Indian-American computational neuroscientist

Kanaka Rajan is a computational neuroscientist in the Department of Neurobiology at Harvard Medical School and founding faculty in the Kempner Institute for the Study of Natural and Artificial Intelligence at Harvard University. Rajan trained in engineering, biophysics, and neuroscience, and has pioneered novel methods and models to understand how the brain processes sensory information. Her research seeks to understand how important cognitive functions — such as learning, remembering, and deciding — emerge from the cooperative activity of multi-scale neural processes, and how those processes are affected by various neuropsychiatric disease states. The resulting integrative theories about the brain bridge neurobiology and artificial intelligence.

== Early life and education ==
Rajan was born and raised in India. She completed a Bachelors of Technology (B.Tech.) from the Center for Biotechnology at Anna University in Tamil Nadu, India in 2000, majoring in Industrial Biotechnology and graduating with distinction.

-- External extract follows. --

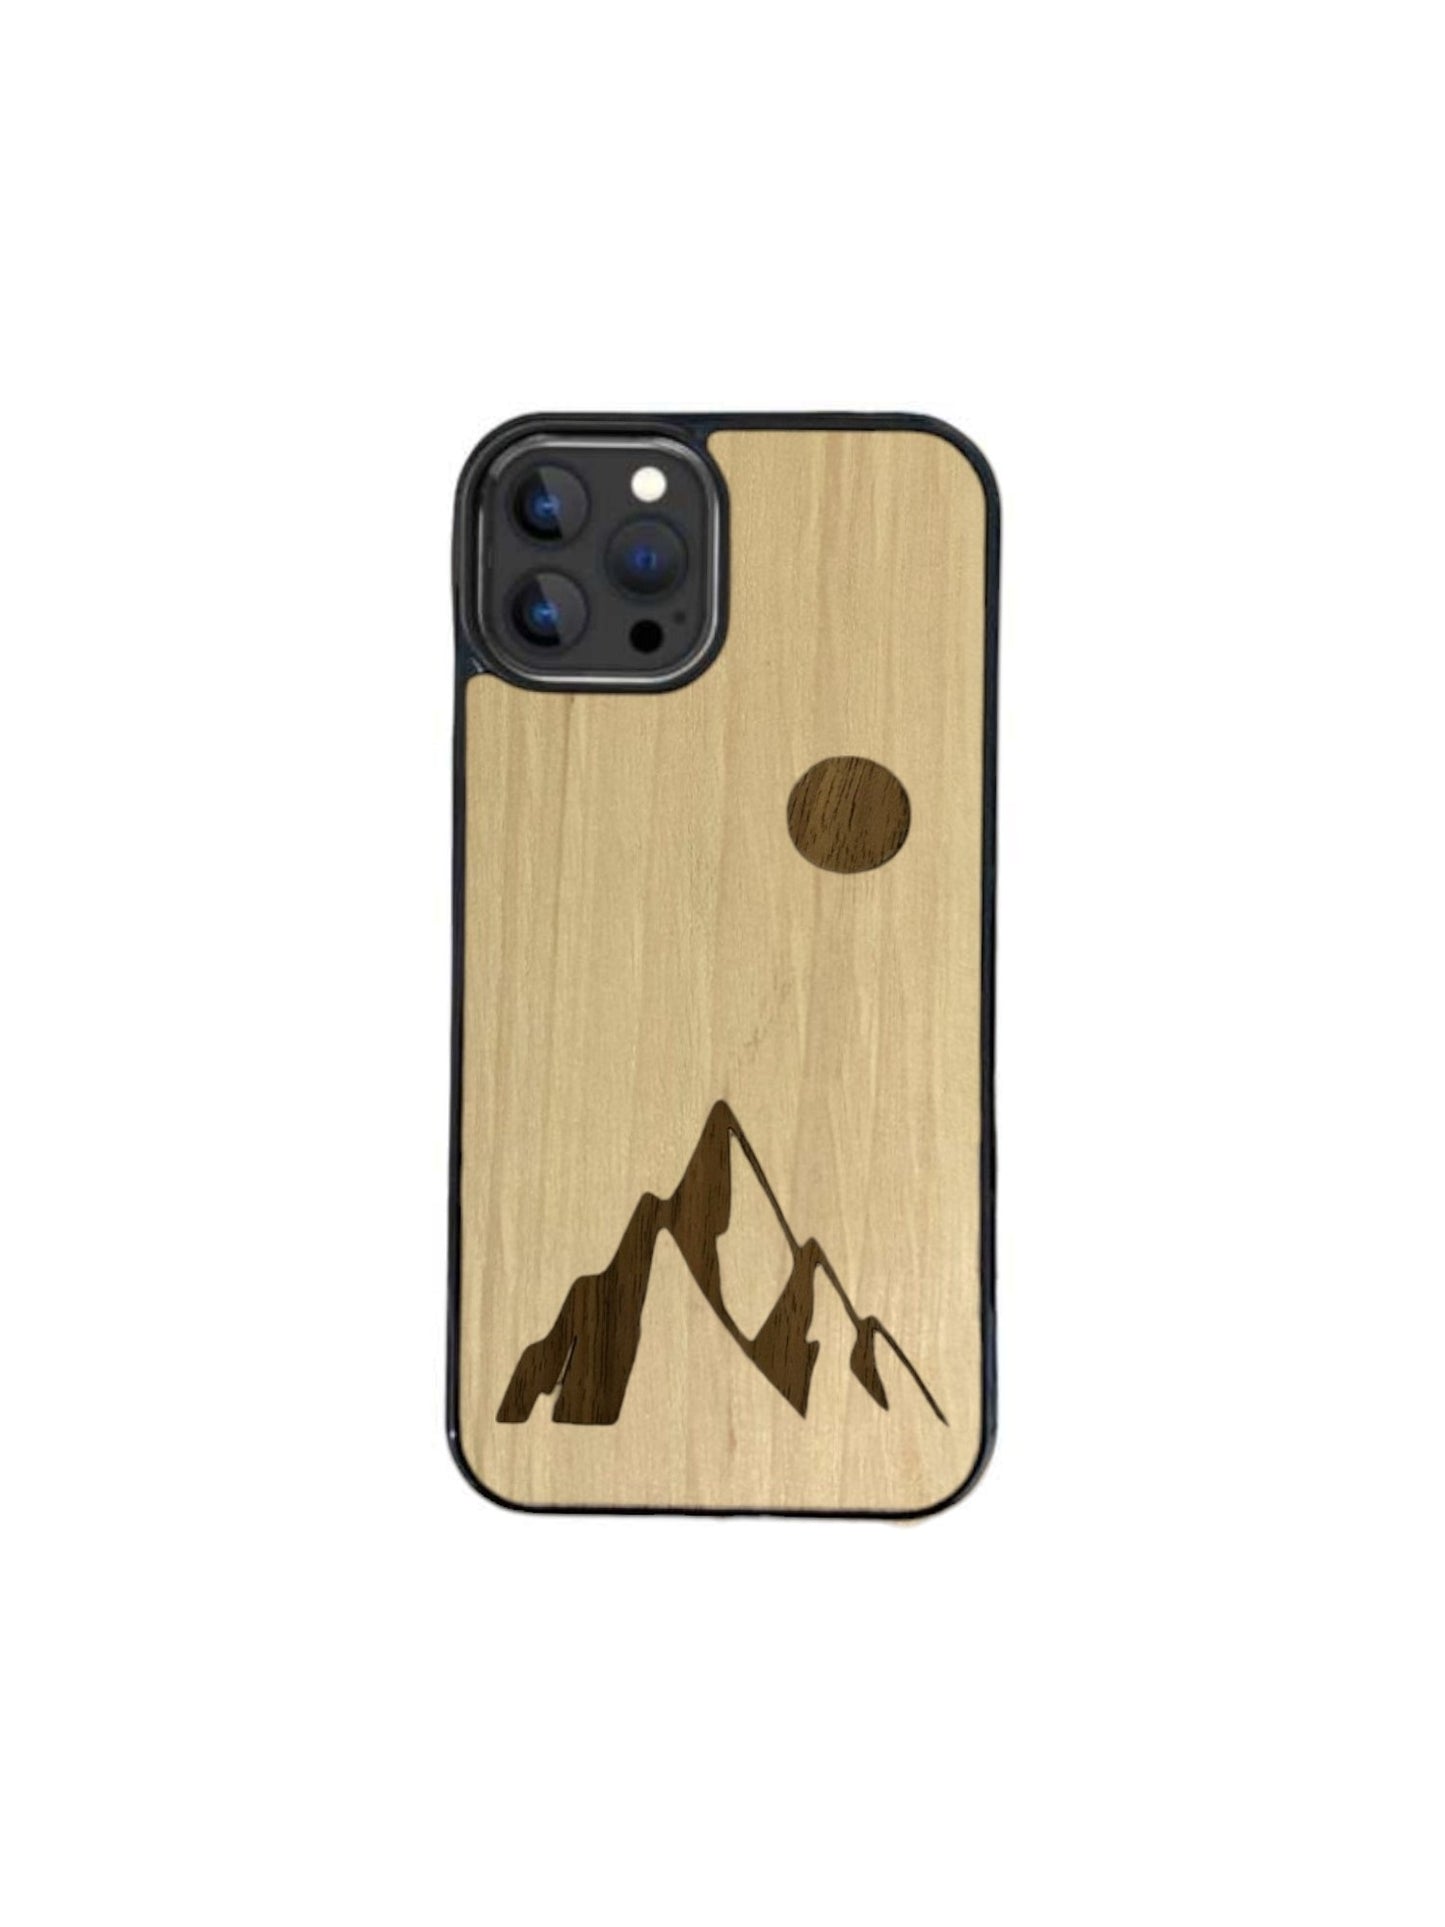 Iphone case - Mountain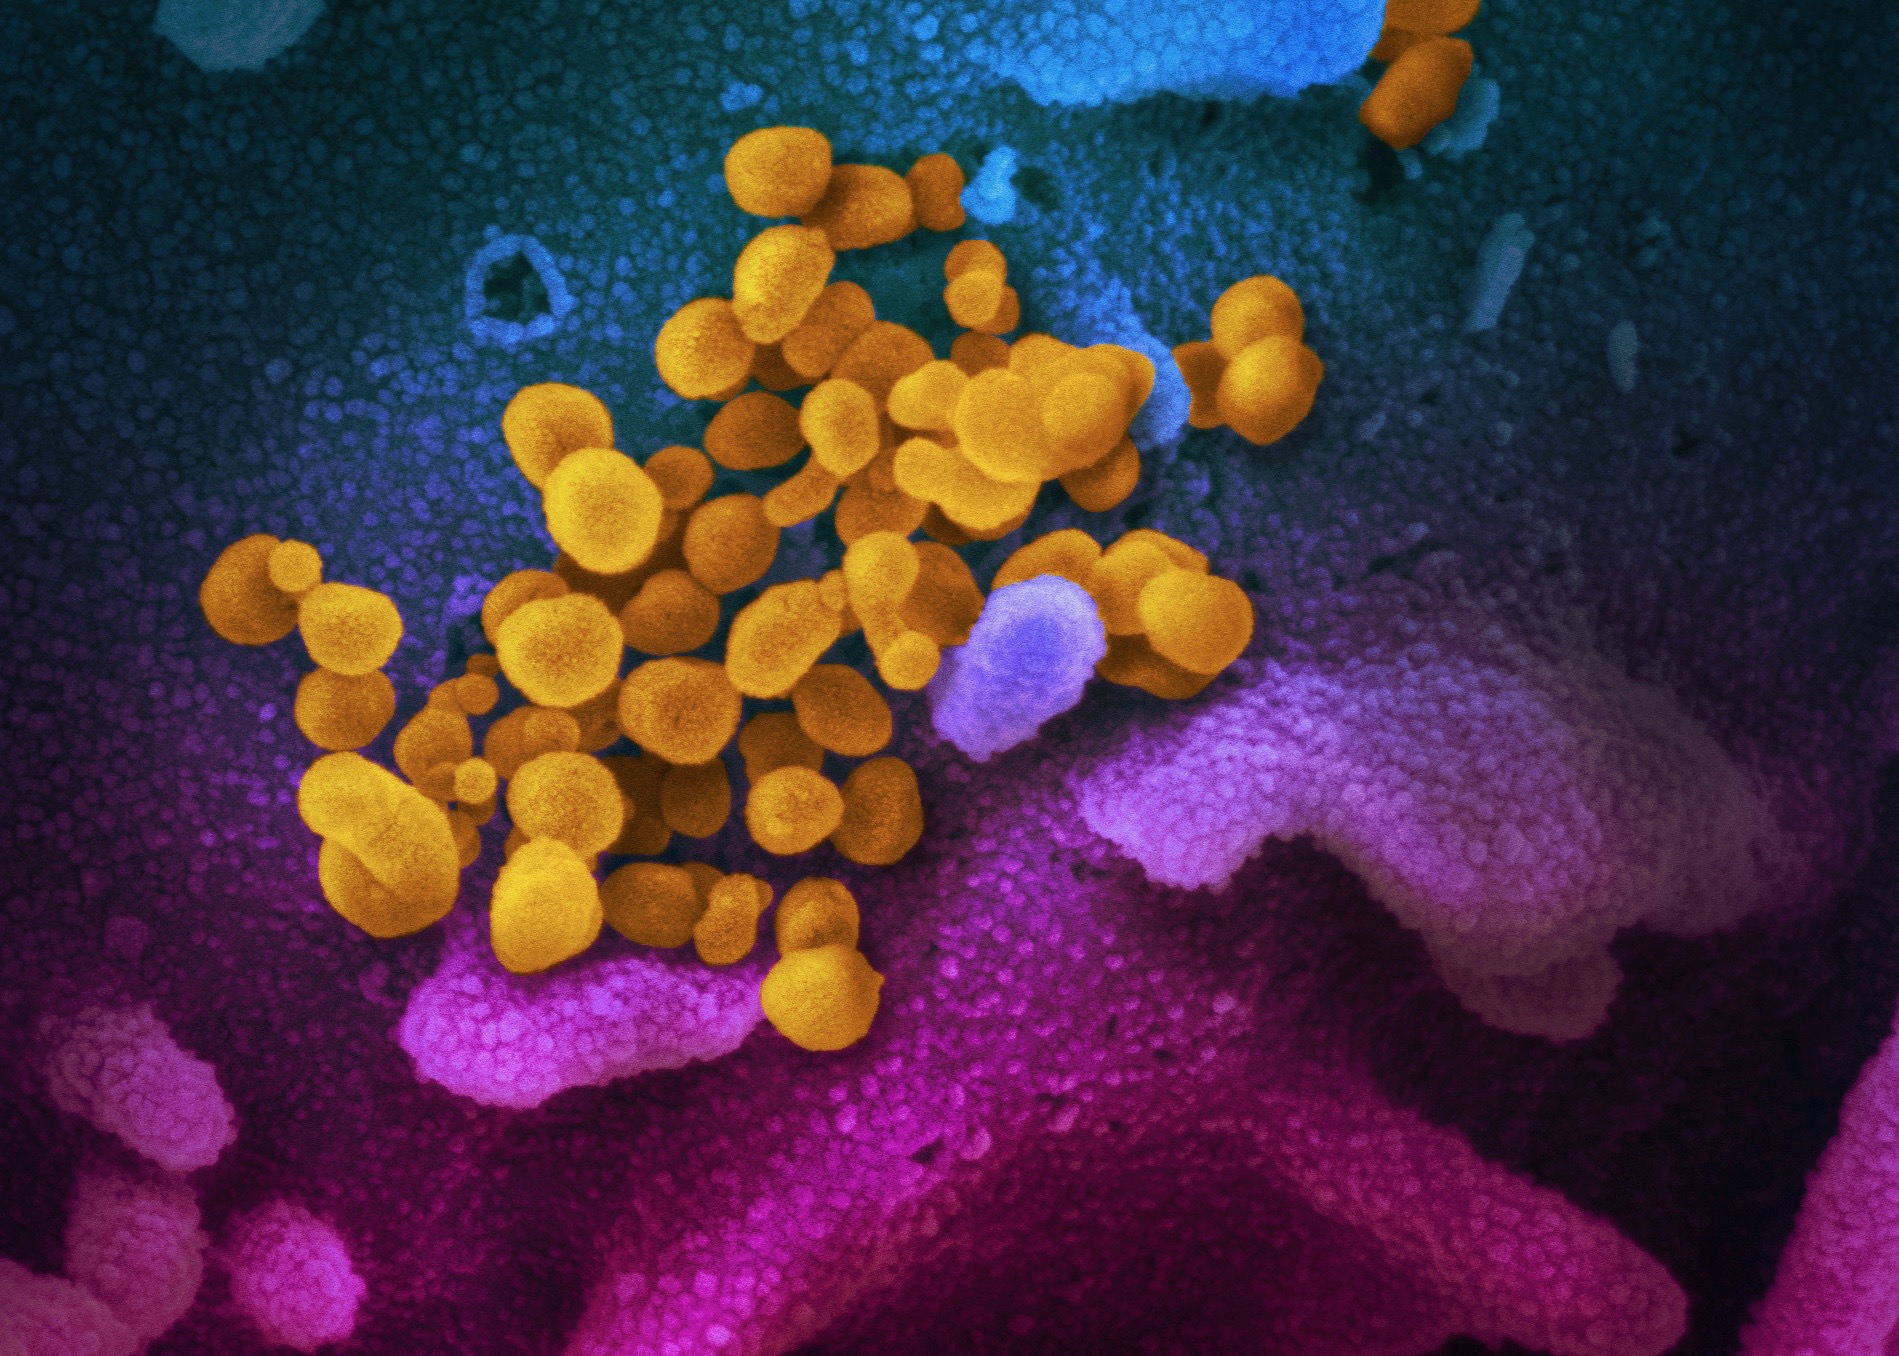 Microscopy image of the SARS-CoV-2 virus

In 2002, Rajan pursued a post-graduate degree in neuroscience at Brandeis University, where she did experimental rotations with Eve Marder and Gina G. Turrigiano, before joining Larry Abbott's laboratory where she completed her master's degree (MA). In 2005 she transferred to the Ph.D. program in Neuroscience at Columbia University when Abbott moved from Brandeis to Columbia, and began her Ph.D. with Abbott at the Center for Theoretical Neuroscience.

== Doctoral research ==
In Rajan's graduate work, she used mathematical modelling to address neurobiological questions. The main component of her thesis was the development of a theory for how the brain interprets subtle sensory cues within the context of its internal experiential and motivational state to extract unambiguous representations of the external world. This line of work focused on the mathematical analysis of neural networks containing excitatory and inhibitory types to model neurons and their synaptic connections. Her work showed that increasing the widths of the distributions of excitatory and inhibitory synaptic strengths dramatically changes the eigenvalue distributions. In a biological context, these findings suggest that having a variety of cell types with different distributions of synaptic strength would impact network dynamics and that synaptic strength distributions can be measured to probe the characteristics of network dynamics. Electrophysiology and imaging studies in many brain regions have since validated the predictions of this phase transition hypothesis.

To do this work, powerful methods from random matrix theory and statistical mechanics were employed. Rajan's early, influential work with Abbott and Haim Sompolinsky integrated physics methodology into mainstream neuroscience research — initially by creating experimentally verifiable predictions, and today by cementing these tools as an essential component of the data modelling arsenal. Rajan completed her Ph.D. in 2009.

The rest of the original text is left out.